If you know when corn makes decisions, you can manage to optimize higher yield.

Tom Bechman 1

January 7, 2016

3 Min Read

When should you apply nitrogen for corn? Should you apply it all at once, or split the applications? If you're not using a residual herbicide, how soon do you need to have grass and weeds controlled? What happens if you don't have them controlled by then?

Related: In what growth stage is this corn seedling?

These are just some of the questions you may ask when thinking about the corn crop this season. All of these questions have one thing in common – they determine either how much fertility or how much competition corn plants will have when it's time to make key decisions in the life of the plant. How the plant makes these decisions will go a long way toward determining corn yield.


Here are six stages of growth where key decisions are made in the life of a corn plant. Some of these six are actually ranges representing more than one growth stage.

Thanks to Beck's for providing this information in their 2015 Practical Farm Research summary, recently published. Contact a Beck's dealer or attend one of nearly 80 winter meetings planned around the Corn Belt for Beck's customers. For details call 1-800-937-2325.

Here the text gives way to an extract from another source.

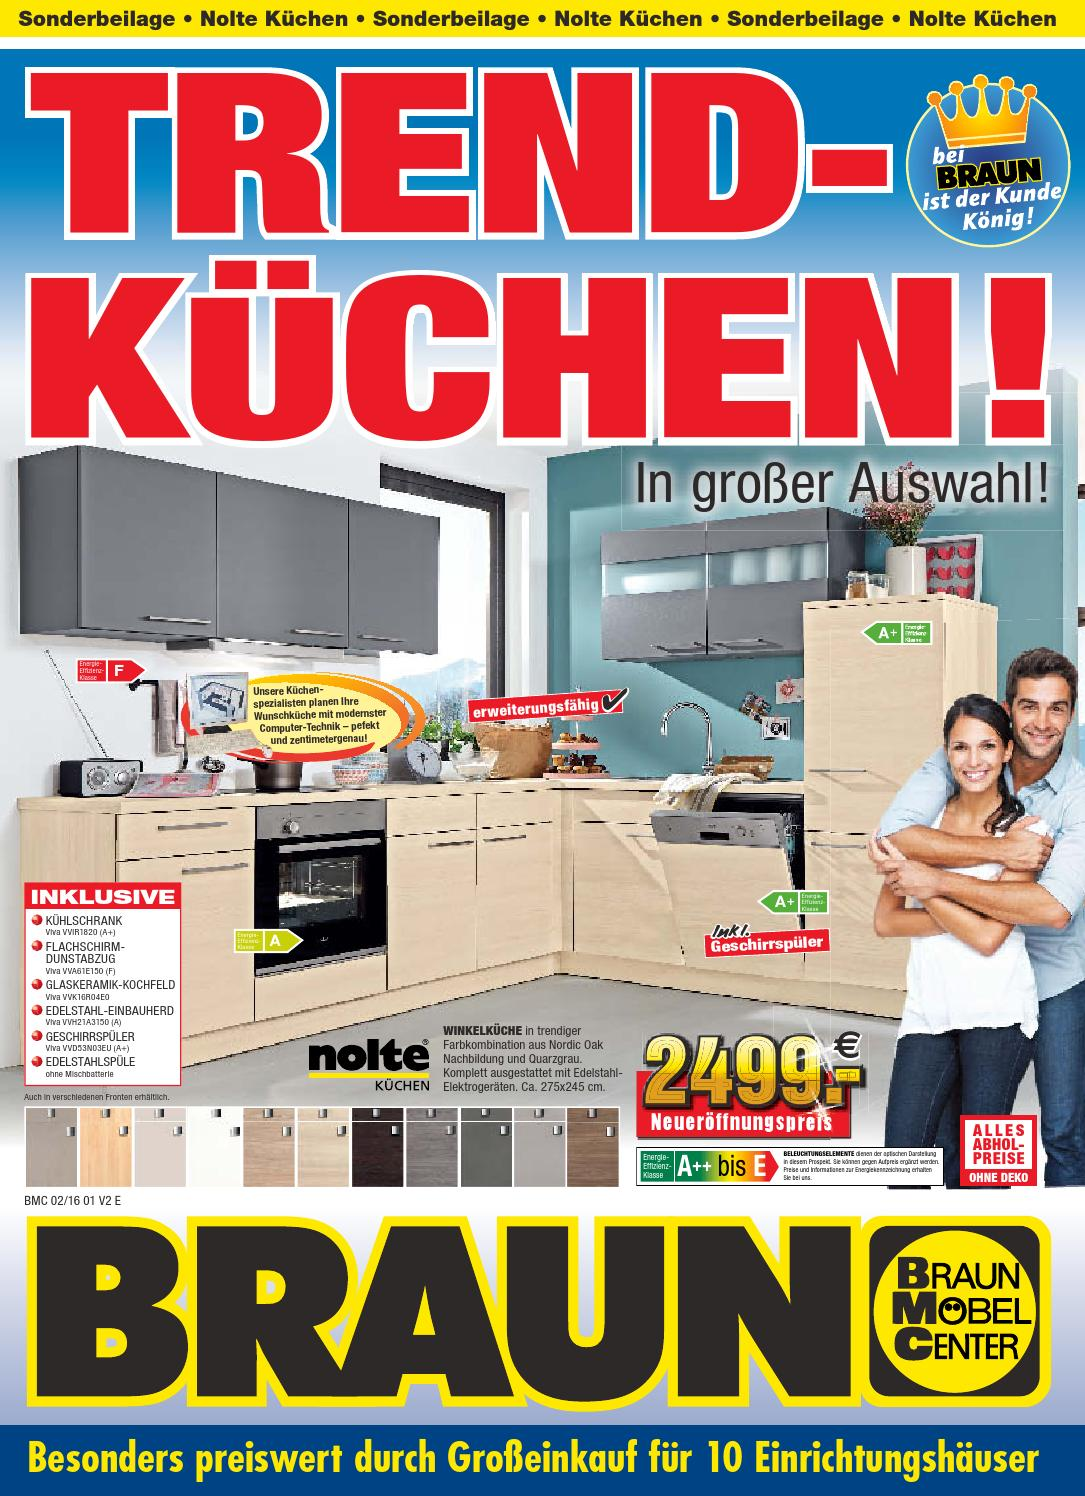 Braun Mobel Center Trend Kuchen By Saarbrucker Verlagsservice Gmbh

Thanks also to the 2016 Purdue University Corn & Soybean Field Guide for information about these growth stages.

Key stage one- V3: The nodal root system is being established here. That's important because the seed is no longer the main source of food for the plant. It now obtains nutrients from the soil through roots.

Key stage two- V5: The growing point is above the soil surface. Some sources may say this actually occurs at V5 to the V6 stage. Once the growing point is above the soil surface, the plant is more vulnerable to injury from hail or frost.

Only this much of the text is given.